__Exercise goal__
The required answer is the data below, restated word for word with images omitted.

__Raw data__
--- START ---
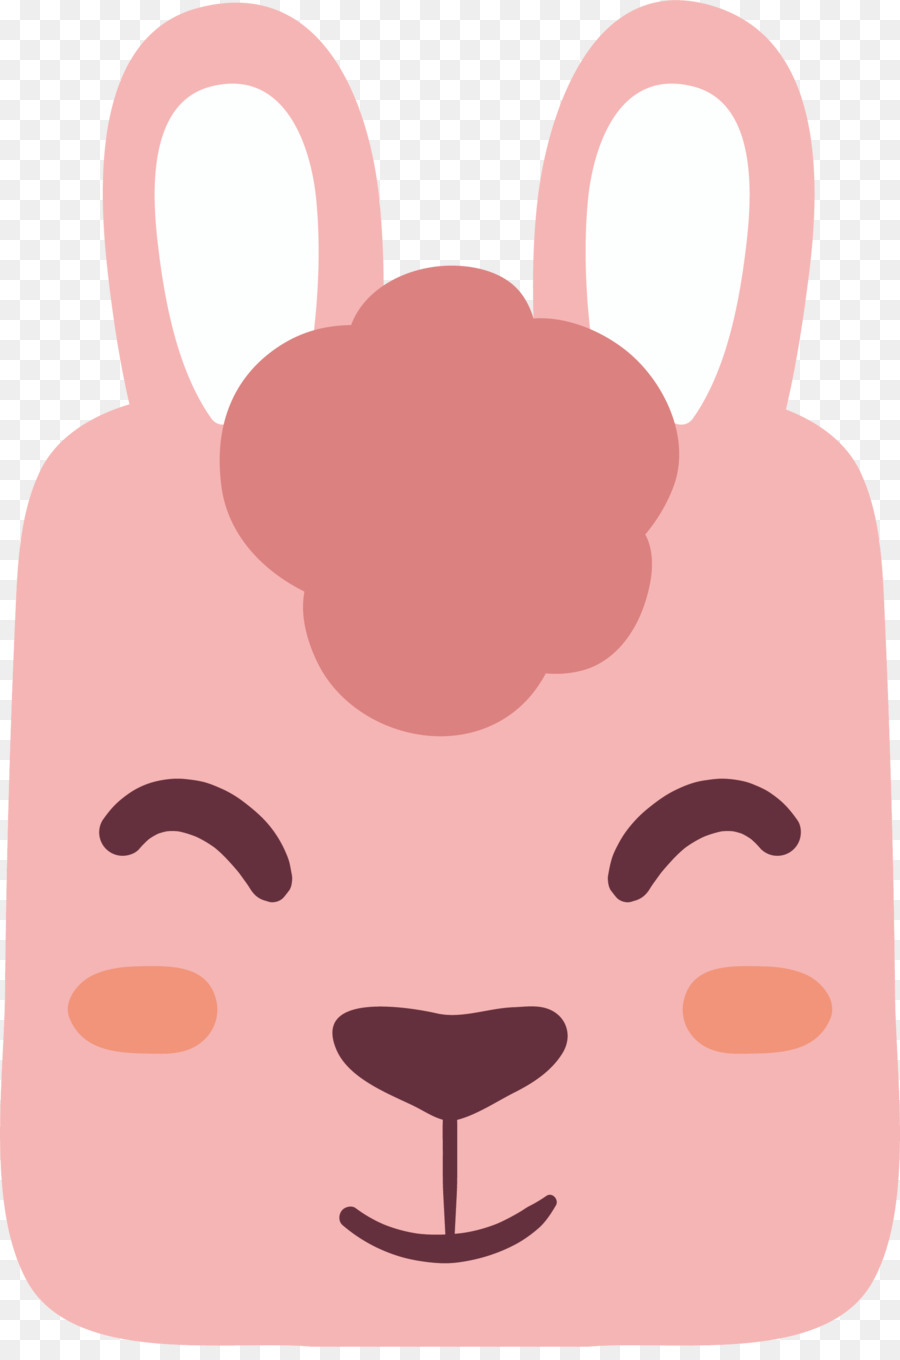 Rentiere clipart - Rosa lächeln Kaninchen
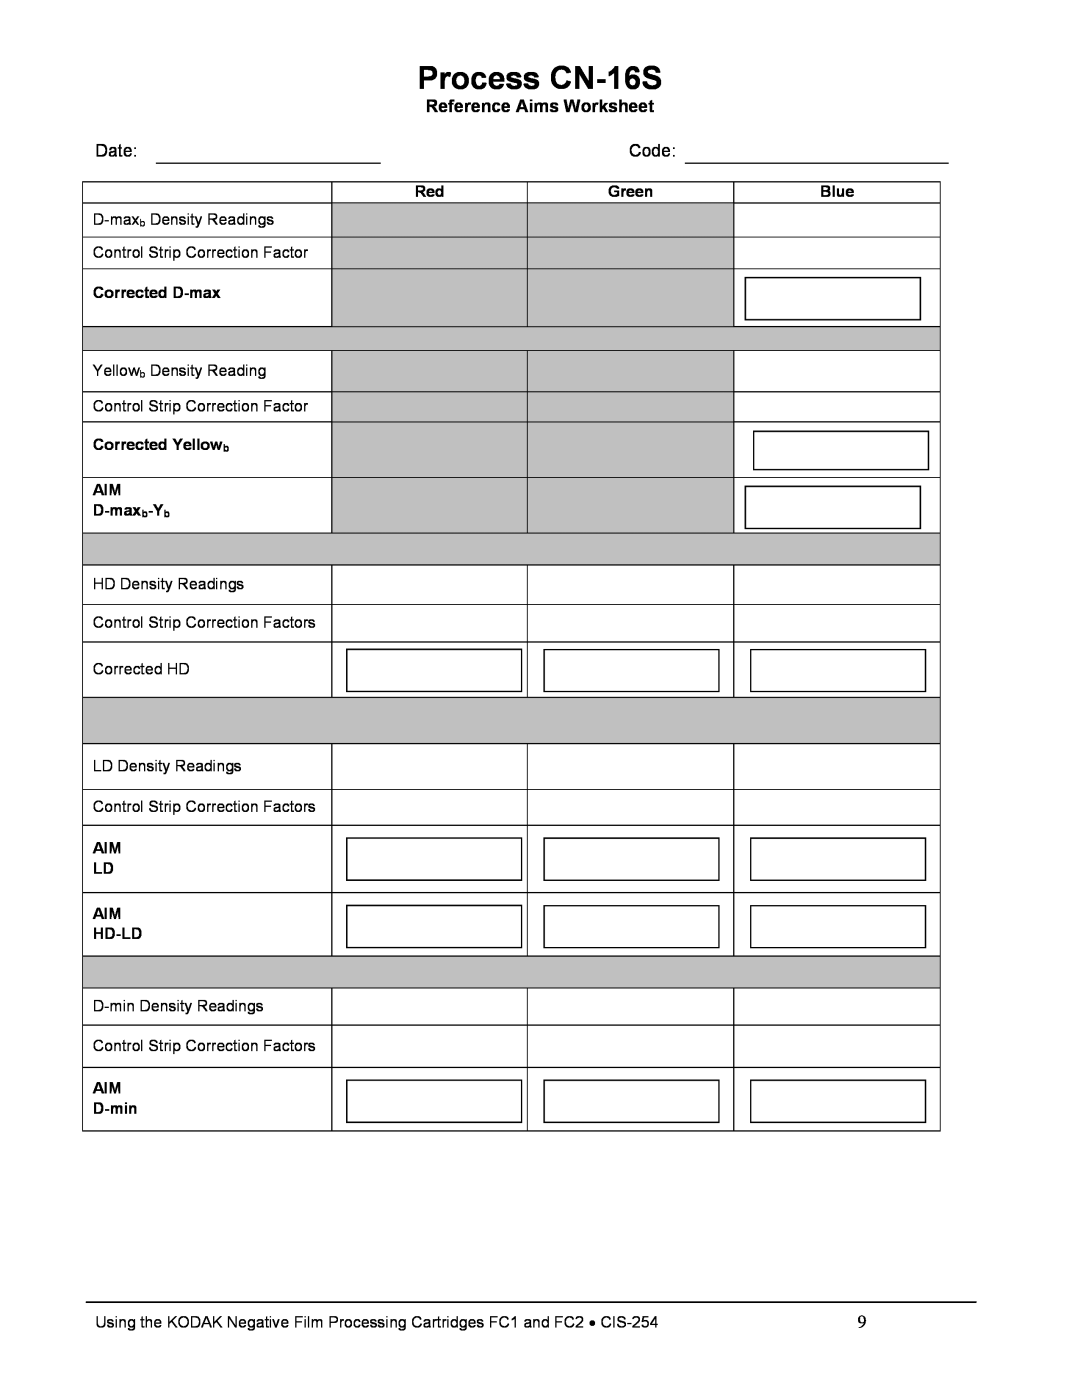 Kodak FC2, FC1 manual Reference Aims Worksheet, Date, Code, Process CN-16S 
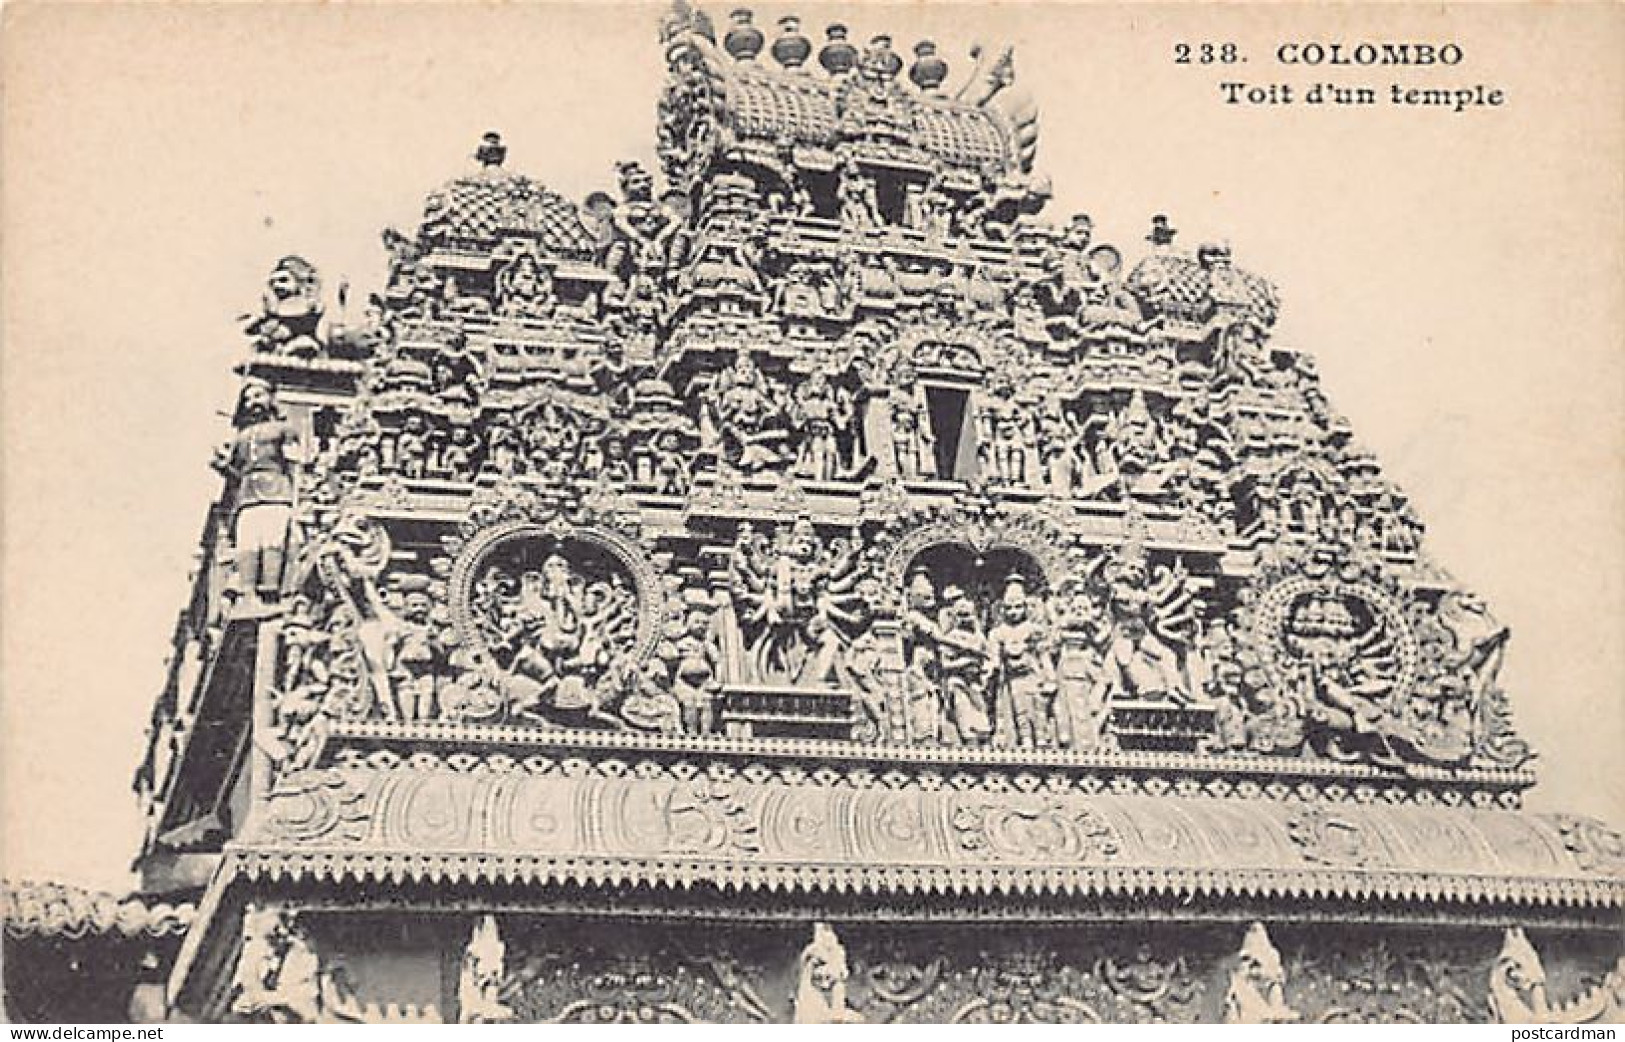 Sri Lanka - COLOMBO - Temple Roof - Publ. Messageries Maritimes 238 - Sri Lanka (Ceylon)
--- END ---
__Reply to the exercise__
 Rentiere clipart - Rosa lächeln Kaninchen
 Kodak FC2, FC1 manual Reference Aims Worksheet, Date, Code, Process CN-16S 
 Sri Lanka - COLOMBO - Temple Roof - Publ. Messageries Maritimes 238 - Sri Lanka (Ceylon)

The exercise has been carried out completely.